Awkward – don’t do this
Woman centered with the top of her head out of the frame

Much better – do this
Same photo, but cropped closer

The photo on the left above isn’t terrible, but it’s a little awkward and not nearly as interesting or compelling as the photo in the “good composition” example.

  • Centering the subject is usually not interesting – position the subject to one of the sides, instead.
  • The top of her head is cut off. Try not to crop off the tip of the subject’s head, and don’t crop people at the knees or elbows if they’re standing up or sticking their arms out.
    • The “better” example above is cropped closely enough that it seems intentional, rather than accidental, that the top of her head is out of the frame.
  • You can’t see her environment – try to leave some space around the subject unless it’s a tight portrait.
  • Her face and body are the same size. If going for a tight portrait, crop the subject in closer and leave off the body.
Another single subject bad composition

A woman centered and far away - the background is very distracting
This photo also is not in focus and has bad lighting.

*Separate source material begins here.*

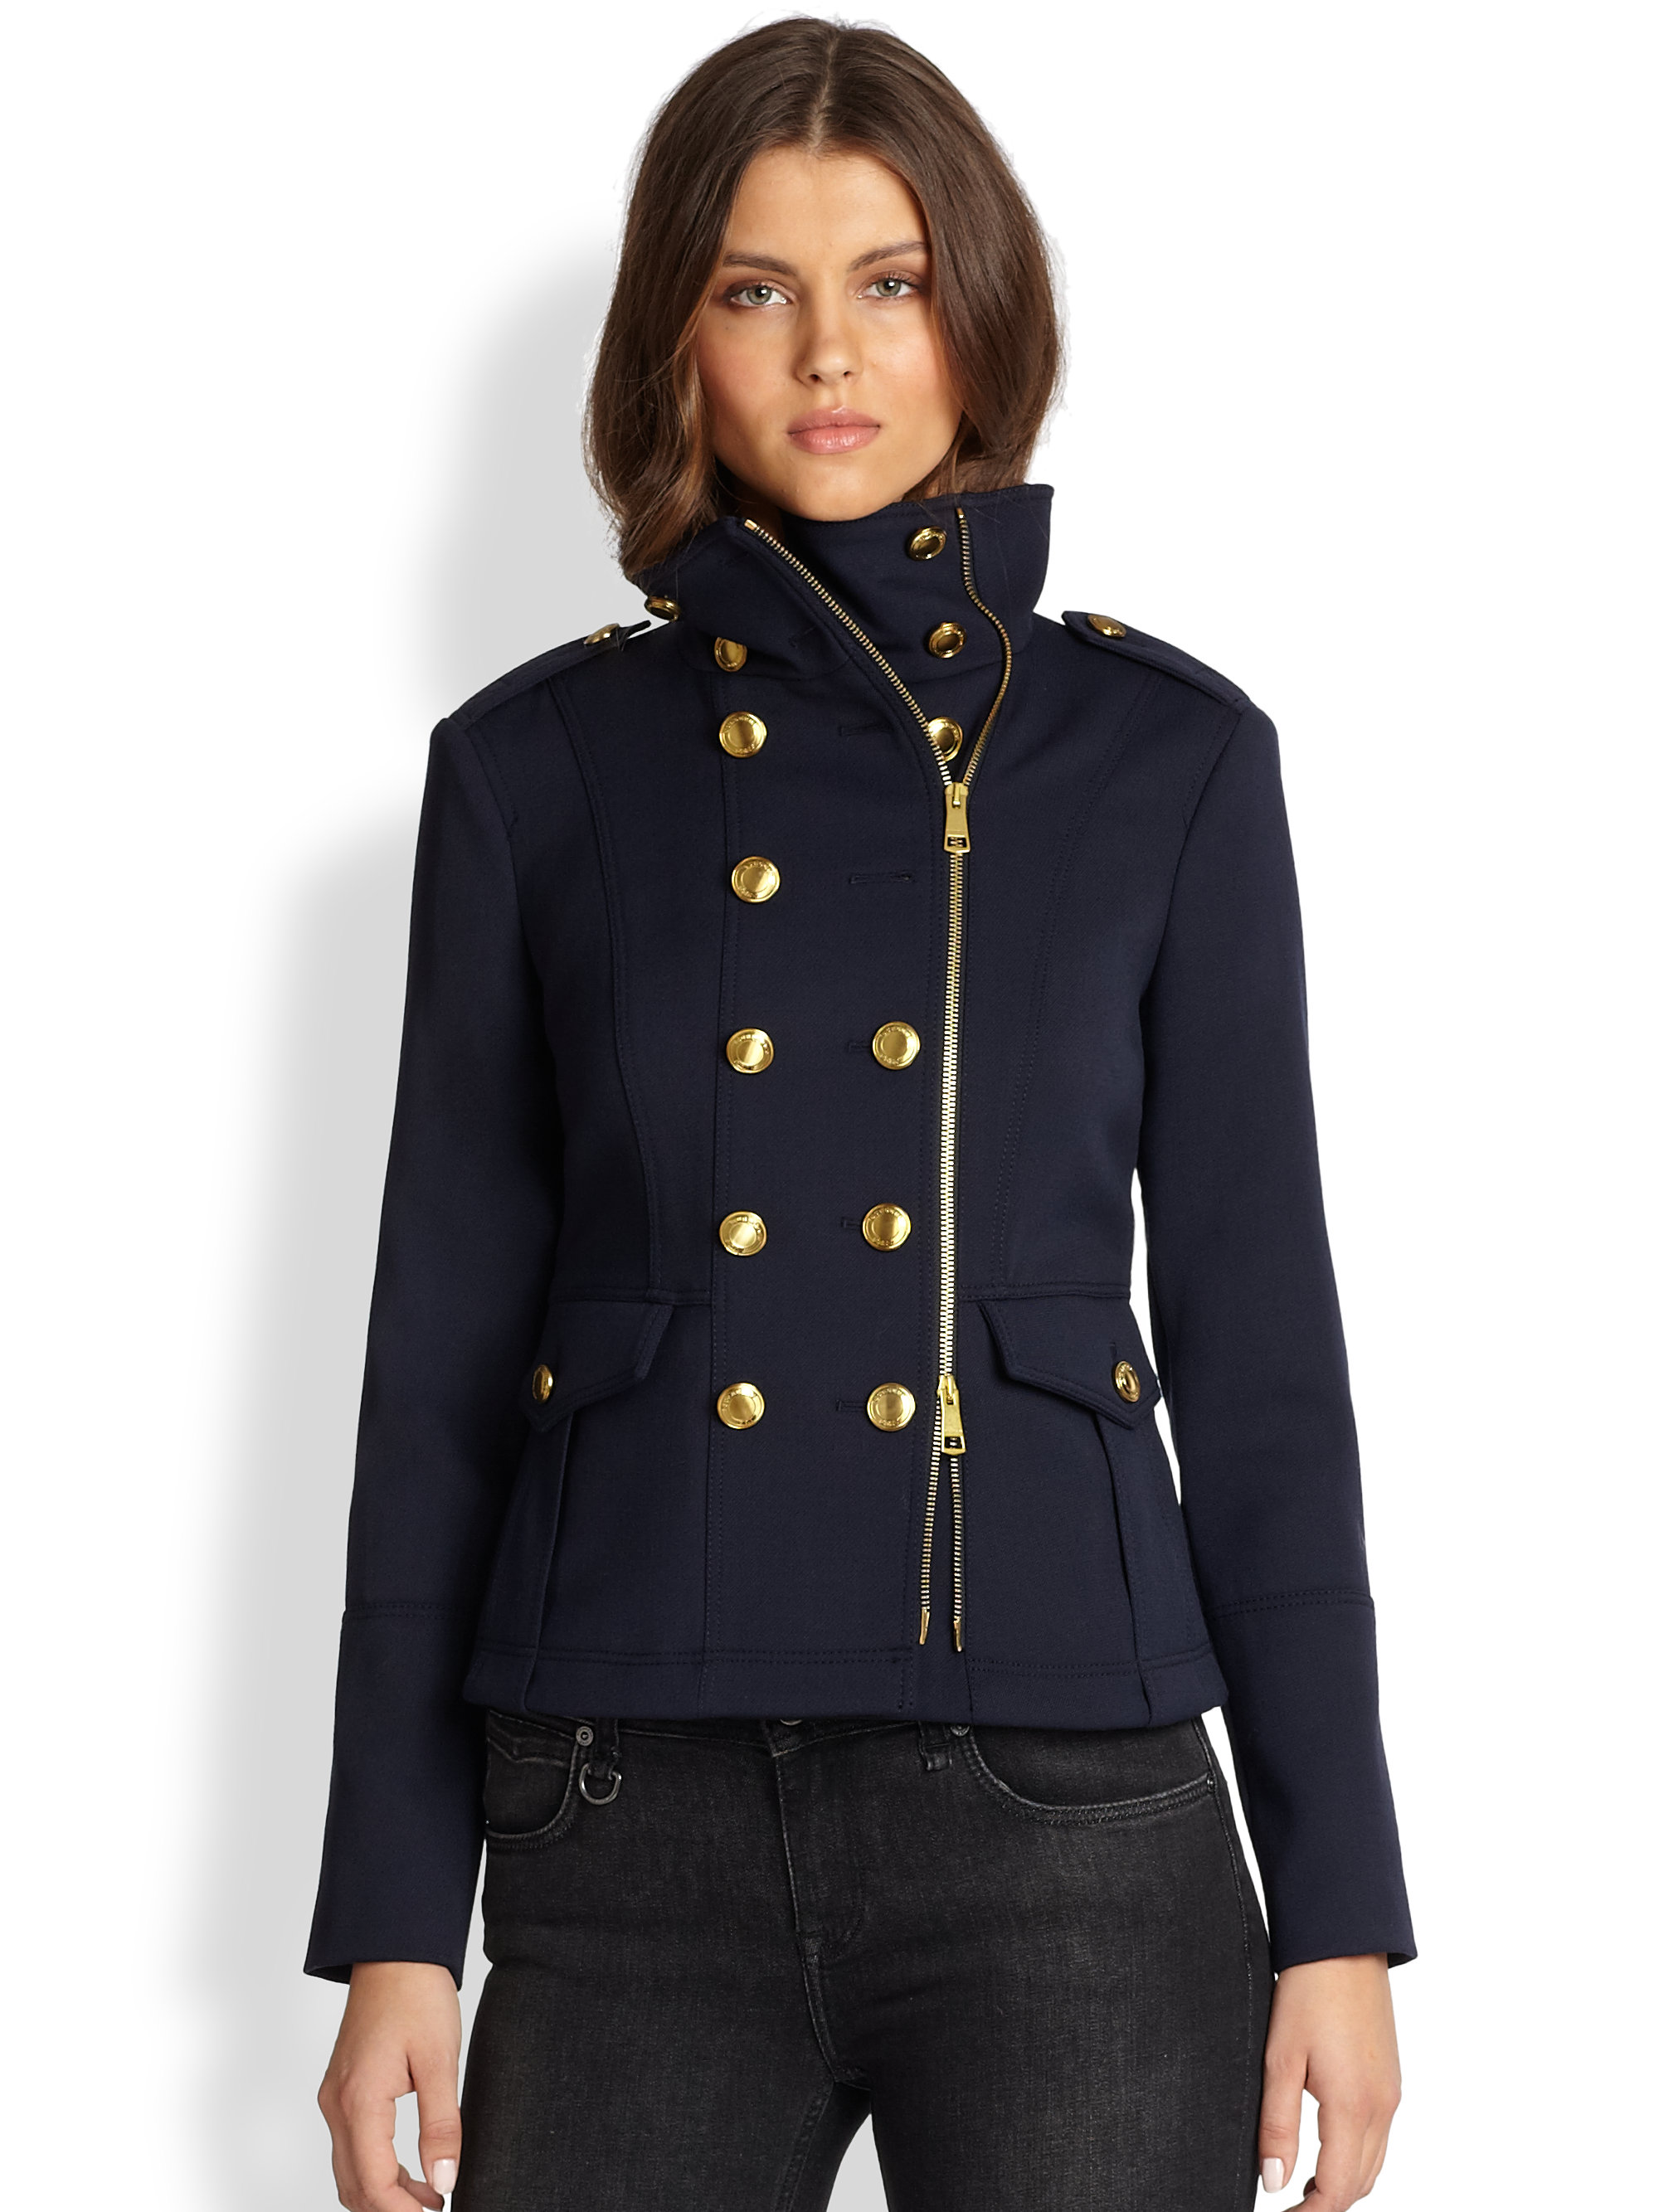 Actualizar 59+ imagen burberry navy jacket womens - Abzlocal.mx

  • The subject is centered and too far away.
  • The woman is the subject, but all the other things in the photo are competing for importance. Everything is in focus and about the same distance from the camera as the woman.
  • The viewer probably isn’t interested in office 301E, what’s for lunch in the kitchen, or what time it is. Focus on her face instead!
  • She is cut off at the knees. Ouch.
  • Getting closer to the woman would remove most of the distracting background, and help the camera take a photo that is more evenly lit and in focus.
Good composition

People writing on a whiteboard
The photo above has a good composition, and is interesting as well as compelling.

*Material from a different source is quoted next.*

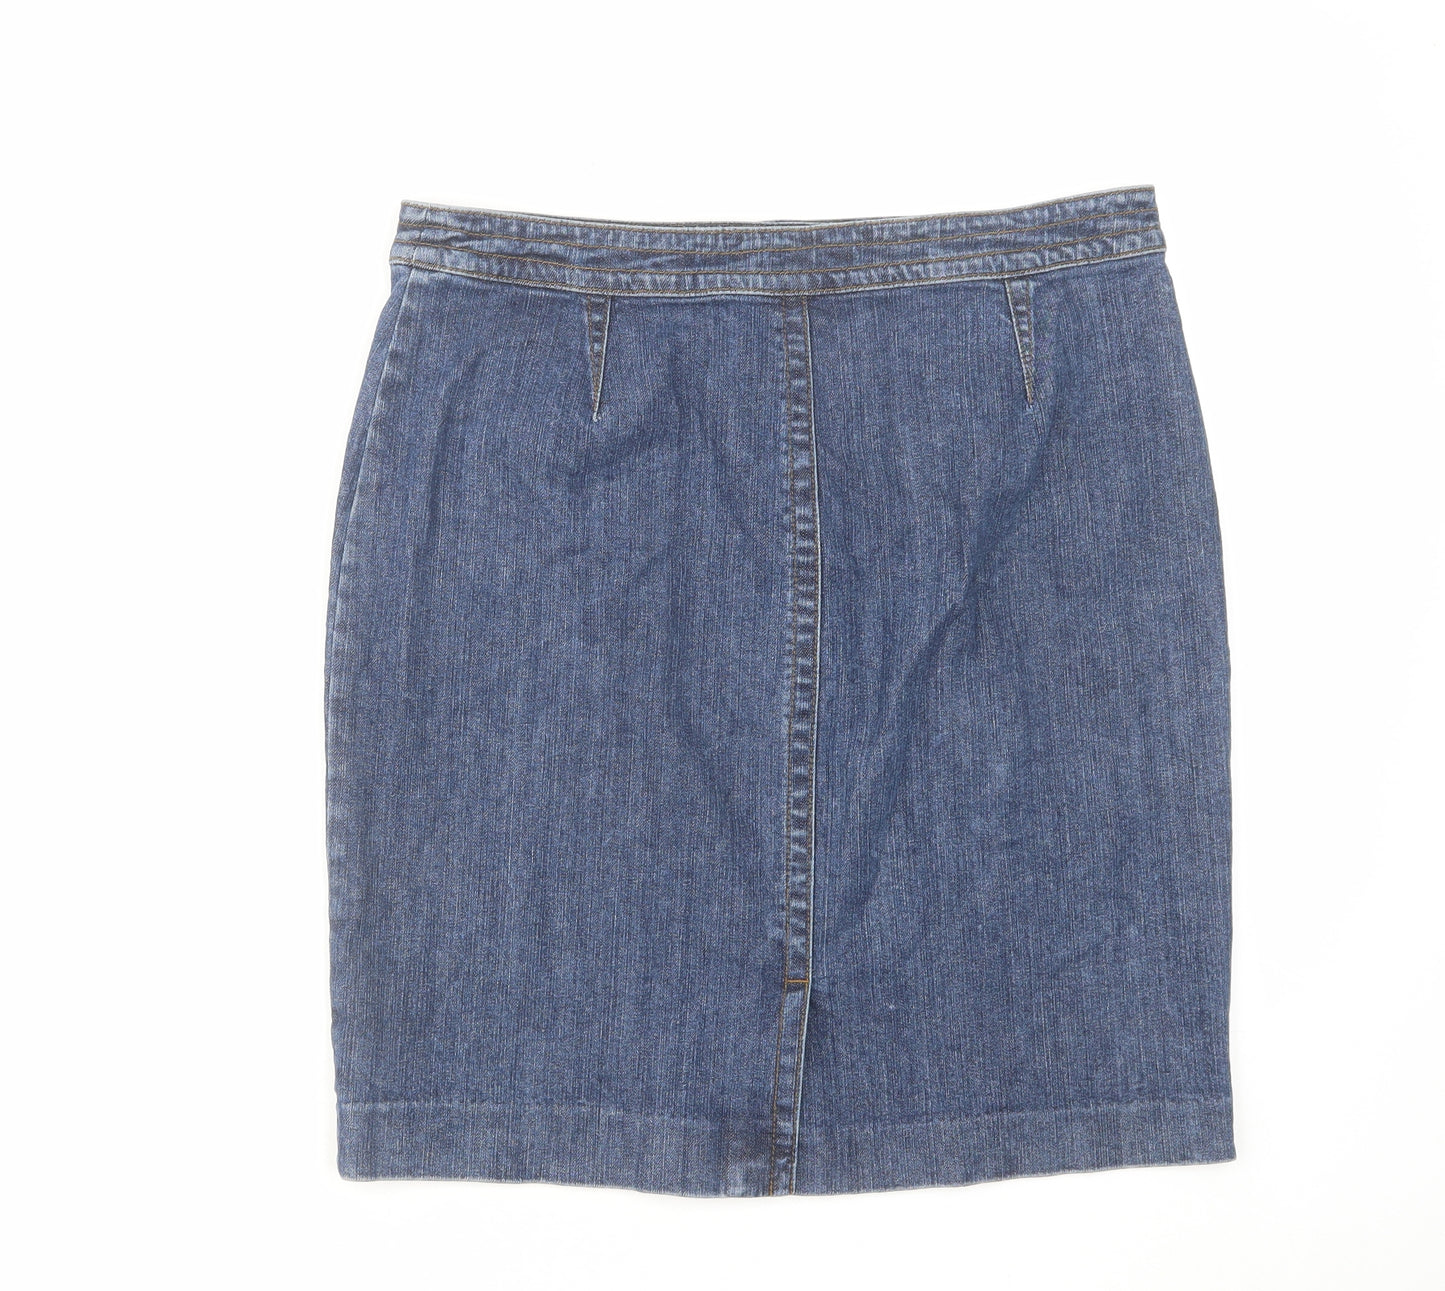 Jones New York Womens Blue Cotton A-Line Skirt Size 12 Zip

  • The subjects aren’t centered.
  • You can see that the man is writing on a whiteboard, but you can’t see what he’s writing. The focus of the photo is the people, and being able to clearly see the writing would just be distracting.
  • The photo was taken from an angle where you can see the people’s faces – they’re what’s important, not what they’re writing.
  • There’s ample space around the left, right, and top of the subjects.
  • The lighting is bright and even.
Bad composition

Man writing on a whiteboard
The photo above, in contrast, has a bad composition.

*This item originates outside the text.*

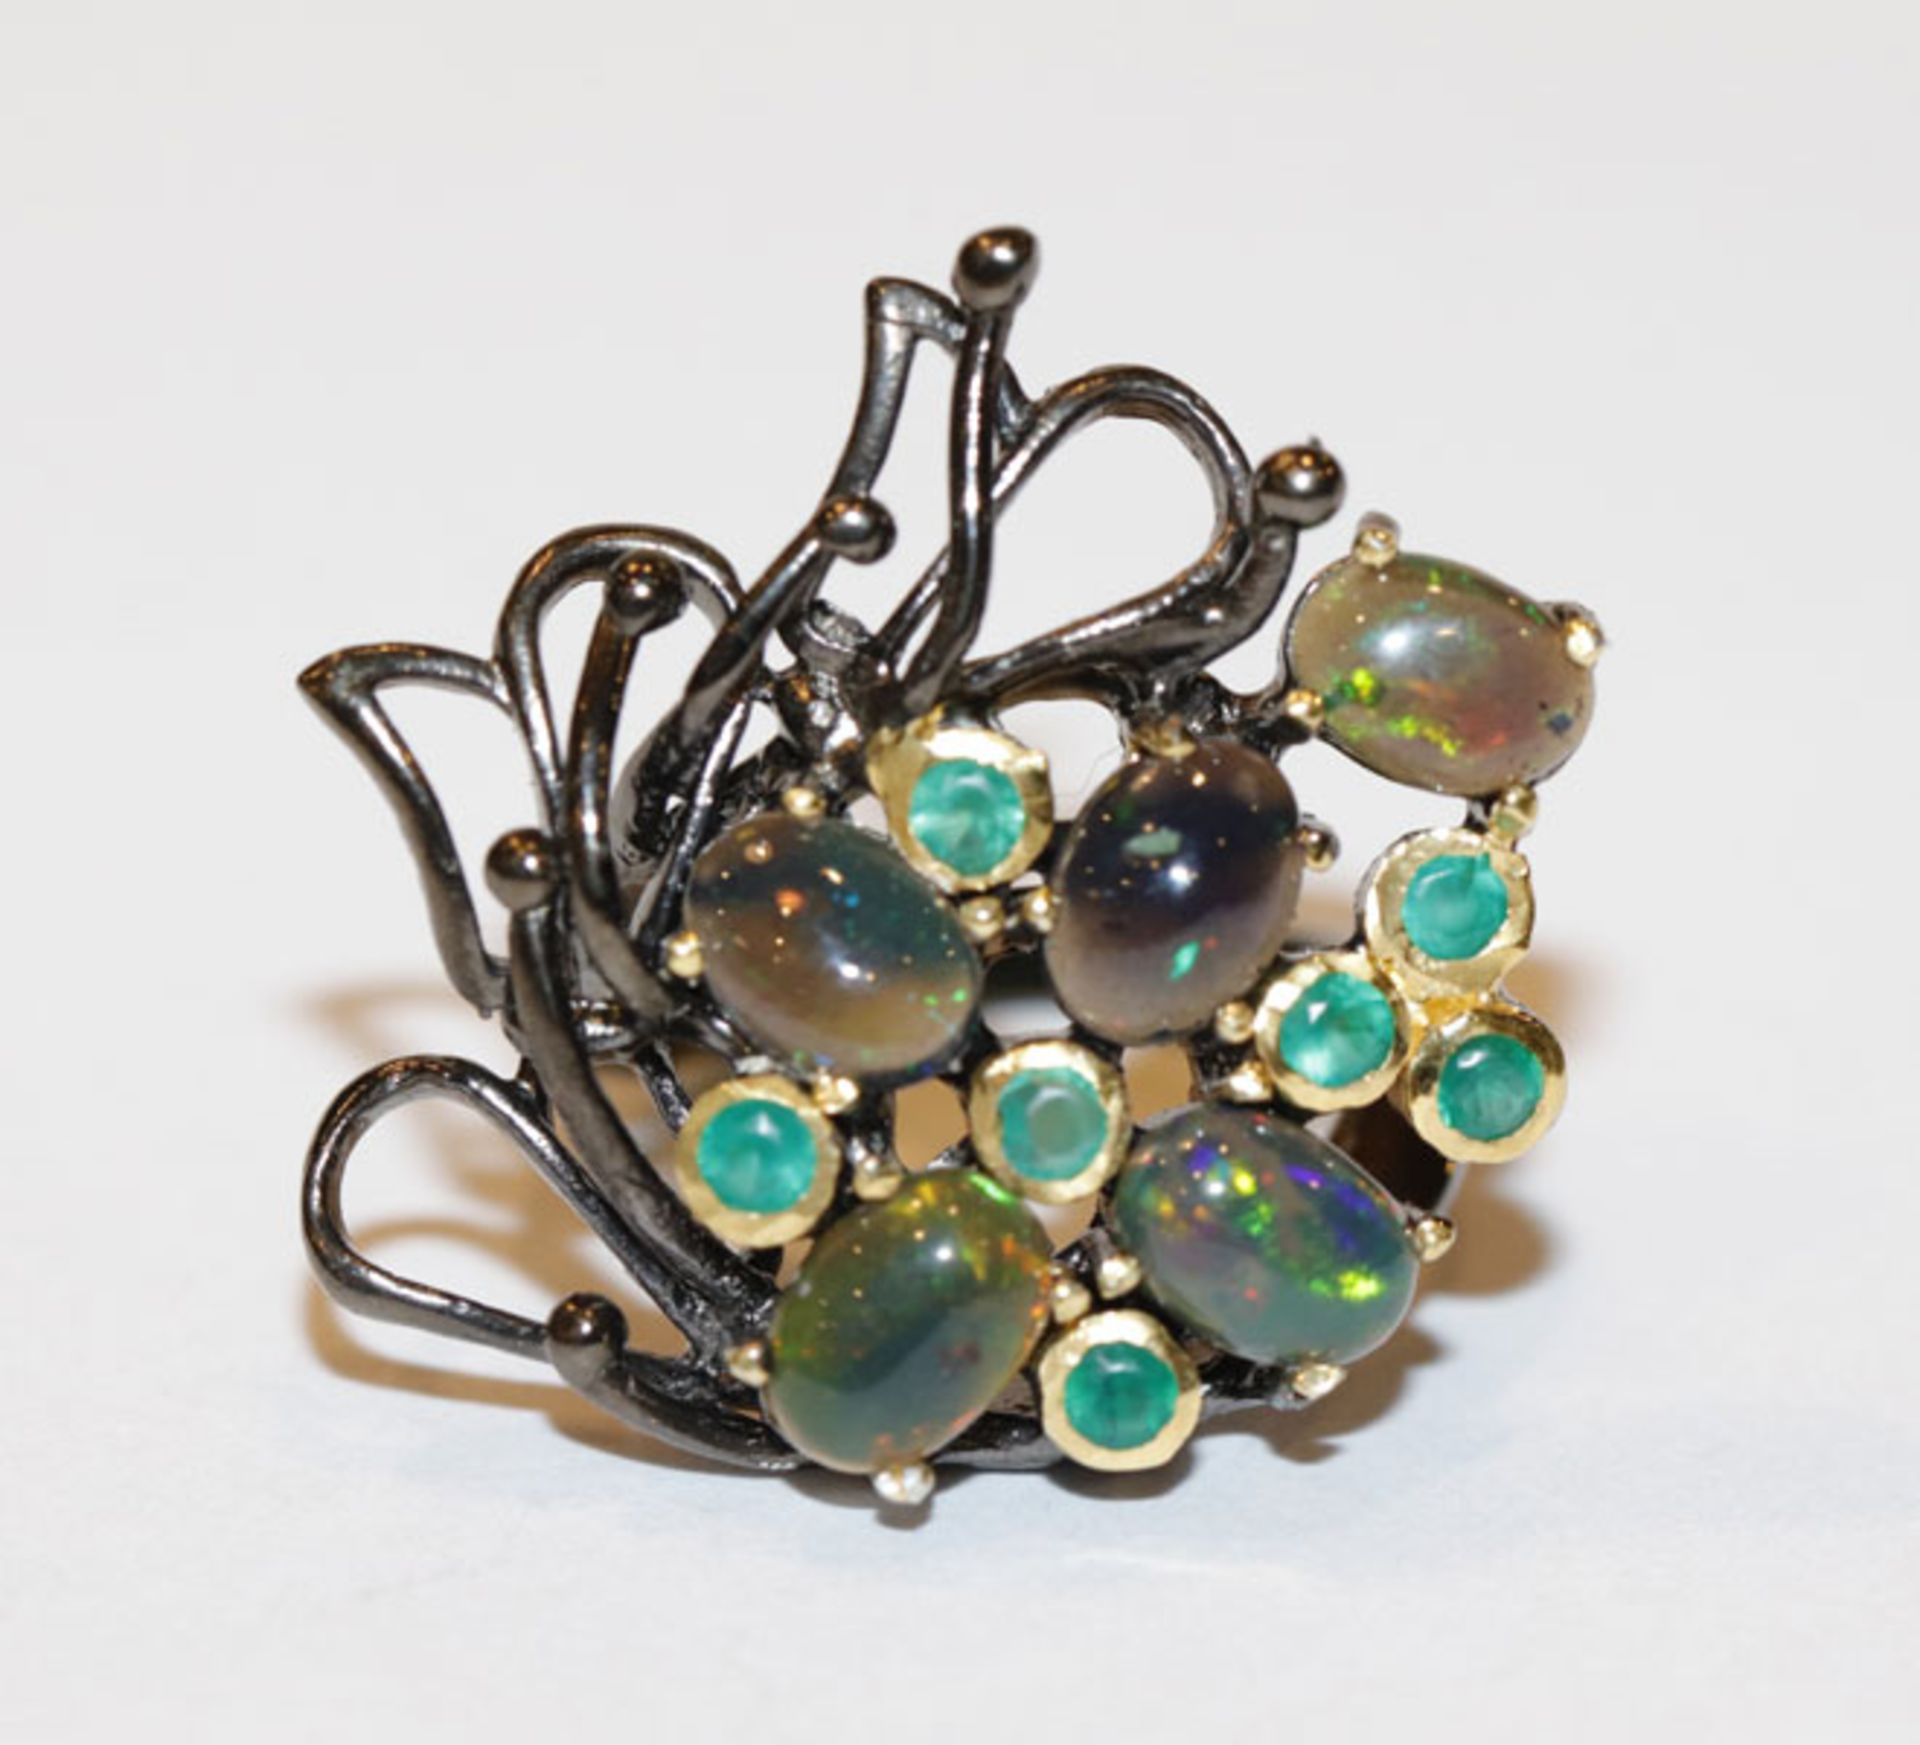 Silber Designer Ring mit Opalen und in Gold gefaßten Smaragden, Gr. 49, ausgefallene Handarbeit

  • Even though the man is off to the side, the whiteboard (the subject) is centered.
  • If the whiteboard is the subject, it’s difficult to see what is written on it – get closer!
  • Half of the man is awkwardly cut off.
  • There’s a distracting bright red can of soda in the midground.
  • There’s a lot of boring empty space off to the right – everything is packed in on the left.
People and spaces
Good composition

People standing outside their office door with a banner above them
This one nailed it.

  • The people are solidly in their space, and are standing in interesting stances.
  • You can see their entire space – it isn’t distracting because it’s supposed to be part of the photo. They’re showing off their resource center!
  • The text “” is relevant to the photo and the full text is included.
  • The lighting is even and the photo is in focus.
So close!

Group of women and 'Women's Resource center', but their feet are cut off
This photo almost has a good composition (even though the focus isn’t great).

  • The minimal wall background isn’t distracting.
  • The “women’s resource center” text gives the photo context and is interesting.
  • The women are off to the side.
  • But their feet are cut off!
Avoiding clutter
Good composition

Choose a hero
Hats on a stand

Model or use it
Woman wearing a hat

  • The photos above aren’t cluttered.
  • There’s a hero – a main subject.
  • The blurred background and white background aren’t distracting.
Bad composition

Very cluttered image of hats on top of scarves - you can't tell what the picture is supposed to be of

  • The photo above is very cluttered.
  • Viewers don’t know where to look, and it’s difficult to see or identify the subject.
  • Better: shoot the products against a plain background, shoot fewer items at once, or have someone use or model the products.
  • Choose a hero! Everything in this photo is competing to be the most important.
  • Limit the use of color and patterns. In this photo, it’s difficult to differentiate the products from each other and from the background.